I open the next door to find a bathroom, but it’s not just any bathroom, it’s huge for a start, and serious money has been spent on it. There’s a big free-standing bath in the middle of the room, his and hers sinks, with a vintage mirror hanging above them, and a proper power shower that’s so large you could probably break dance in it if you got the urge. It’s exactly how I would like my bathroom to be if money was no object.

I open the last door to find a big square room that must be Anton’s bedroom. I feel as if I shouldn’t be in there, but I don’t want to leave. A very large bed with a wood and leather headboard, white sheets and duvet sits in the middle of the room, and there are cupboards all along one side, although they’re closed. There are only three pictures on the wall. One is a huge framed picture of a pretty young woman. It’s a grainy blown-up photograph with an orange tinge that makes me think it was taken in the seventies. The other is a painting of the colour red. Literally. Different shades of red and orange
and a bit of purple. But the third picture is the one I gave him. He’s hung it on his wall already.

My bottom starts to vibrate as my mobile phone rings. I take it out of my jeans pocket. It’s 11.23 p.m. and my mum is calling.

‘Mum, are you all right?’

‘Oh, Grace, I had to tell you. I went to bed and as I started to doze off, there was your dad again. He spoke to me and he was very firm about it, he said, “Grace has to sing.”’

‘Oh,’ I say sadly. I was on a bit of a high this afternoon, thinking Mum and I had broken some ice during our conversation today. Silly really, Mum’s mum and this is what she’s like. ‘I’ll bear it in mind. You go to sleep, Mum. Love you.’

‘Night night, Grace. And sing, like your dad said, sing.’

I put my phone back in my pocket and sigh. What does she expect me to do, break into song suddenly now? Maybe I should see if I can get a doctor round to see Mum. Maybe she’s really ill. God, I wish I had a brother or sister. I lie down on Anton’s bed. I know I shouldn’t, but I’ve had a lot of wine so I lean back on the pillows. He buys expensive pillows, not like me. Mine are like sleeping on a bag of satsumas. I turn onto my side and breathe in Anton’s smell from the pillow.

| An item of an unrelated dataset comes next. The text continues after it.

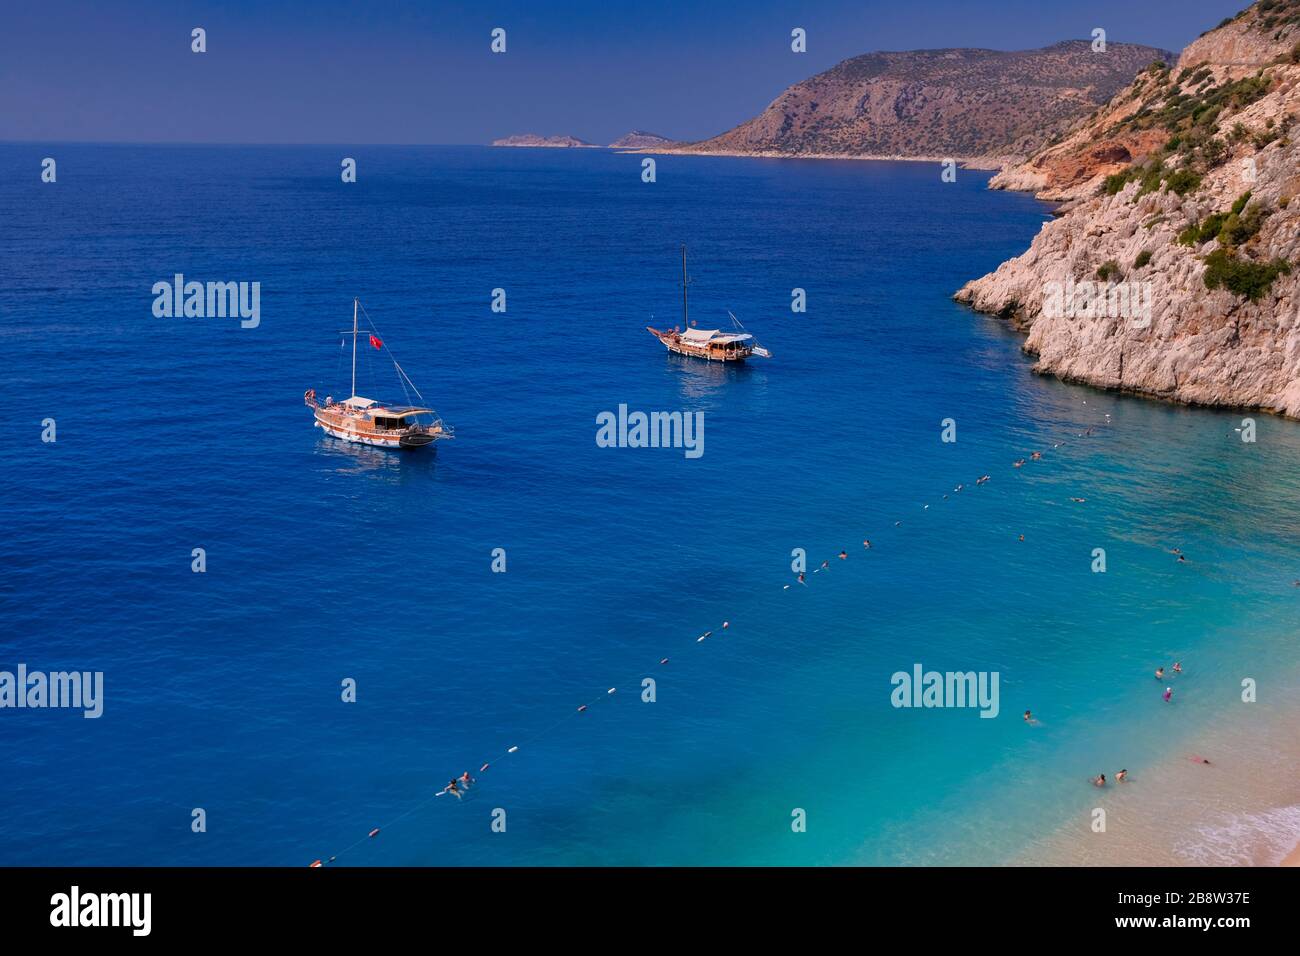 Paradiesischer Strand in Kas, Antalya - Türkei. Leerer Strand mit geschlossenen Sonnenschirmen am türkischen Strand Kaputaj Kemer Antalya. Stockfoto

‘Grace, I …’ It’s Anton and he stops when he sees me curled up on his bed sniffing his pillow.

I sit up quickly.

‘Sorry, sorry, it was … It just looked so comfy.’

He stands there all smiling and unfazed. I would clobber someone who snooped round my home and got into my bed.

‘I didn’t like to say in front of Freddie and Wendy, but the
picture you gave me: it’s beautiful, quite the most beautiful gift anyone has ever given me. Thank you.’

‘It’s bordering on the wet,’ I say, getting off the bed.

‘I don’t think that at all. And anyway, what’s wrong with a bit of wet? All the best songs that have ever been written are a bit wet.’

I smile. He’s right, of course.

‘Now then, the cheese and wine is on the table downstairs, but I’ve also rigged up the karaoke. I wondered if we could have a bit of a sing-song while Wendy flirts with my son.’